А еще, она позволяла мне себя обнимать. В офисе, разумеется, это было неуместно, но за пределами… Когда я хочу. Трогать ее, целовать ее щеки, руки, шею и плечи. Ласкать, прижимать к себе. Это было очень приятно. Надеюсь, ей тоже.
Аля не скрывала, что мы живем вместе, часто при всех уточняла, не забыл ли я дома ключи, а так бывало пару раз, когда она уезжала ужинать с партнерами или клиентами, а я часами у входной двери ждал ее возвращения.

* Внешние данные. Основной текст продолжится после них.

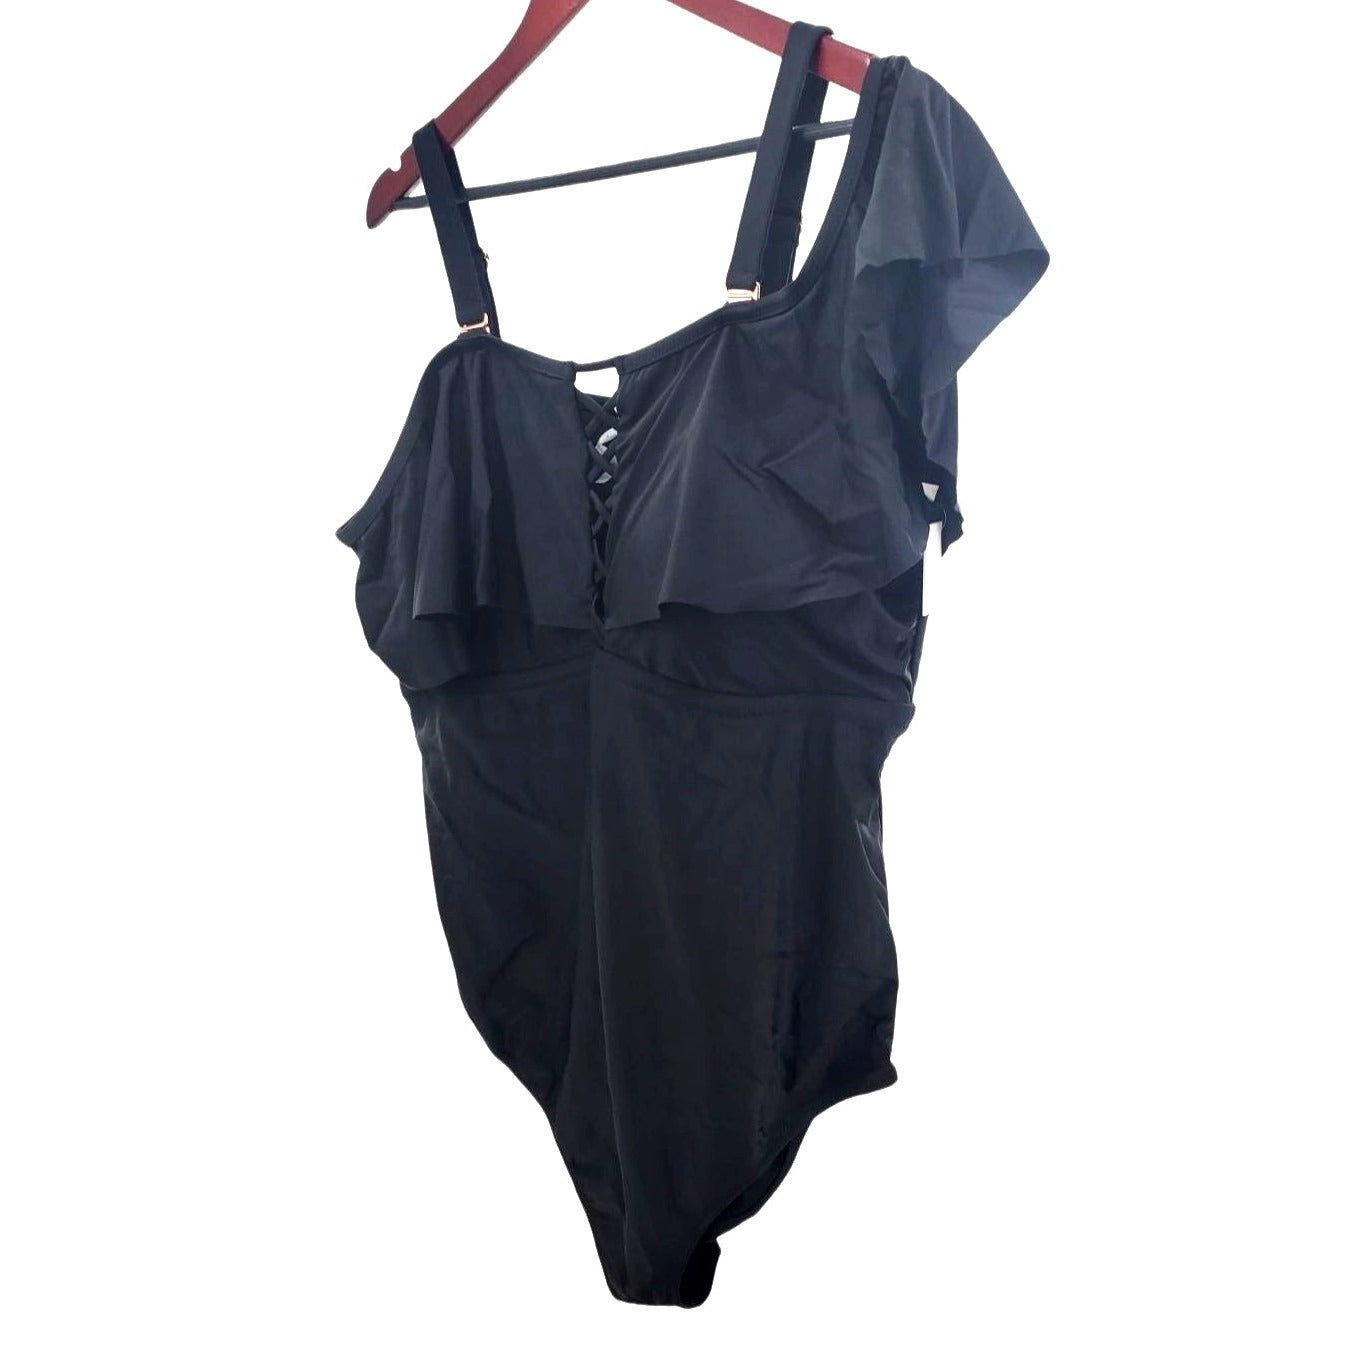 RAISINS CURVE One-piece Swimsuit Caicos Ruffle Swimwear Removable straps

Или спрашивала, есть ли дома хлеб, что бы я хотел на ужин, просила что-нибудь купить. И прочее, прочее, прочее.
Наверное, моя истерзанная психотропными веществами нервная система постепенно восстанавливается, иначе, почему мне небезразлично такое отношение?
Я позволял ей делать все, что она хочет. Она не хотела заниматься со мной сексом, – и я не настаивал, она хотела спать со мной в одной кровати – я тоже был не против. Я ласкал ее, потому что ей это нравилось, особенно, когда я целовал шею, но я не требовал, чтобы она трогала меня в ответ, потому что чувствовал, что ей этого не хотелось. Правда, Эмилю и Эм пришлось остаться в моей квартире, которую я продолжал снимать, понимая, что Аля может выгнать меня в любой момент, опять же, потому что ей так может захотеться.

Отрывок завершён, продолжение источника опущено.